> _Exercise brief_
Lines from the line with "Local Link Building and Outreach" to the line with "(2) 55 Gal." in the entries below, and only those, must be output exactly, with both ends included.

> _The input_
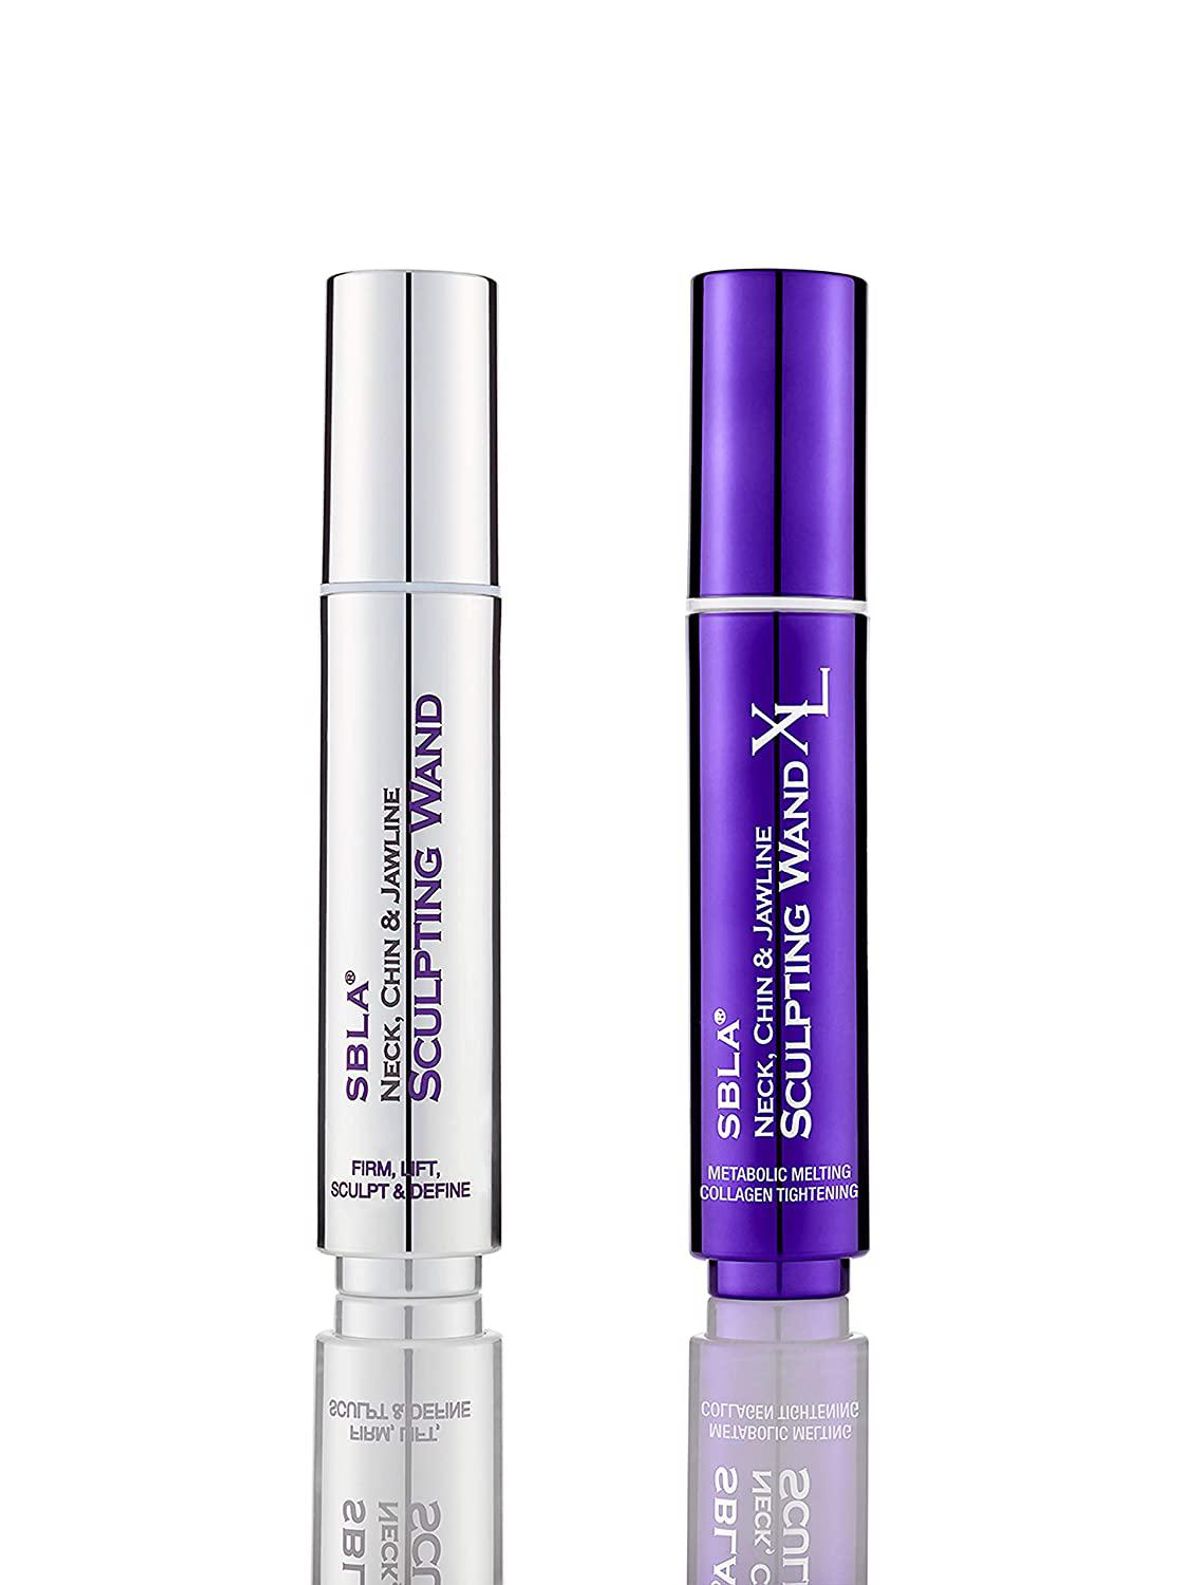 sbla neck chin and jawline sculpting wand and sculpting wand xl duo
--
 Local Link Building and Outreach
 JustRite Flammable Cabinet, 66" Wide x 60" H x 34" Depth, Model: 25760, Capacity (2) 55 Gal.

> _Output below_
 Local Link Building and Outreach
 JustRite Flammable Cabinet, 66" Wide x 60" H x 34" Depth, Model: 25760, Capacity (2) 55 Gal.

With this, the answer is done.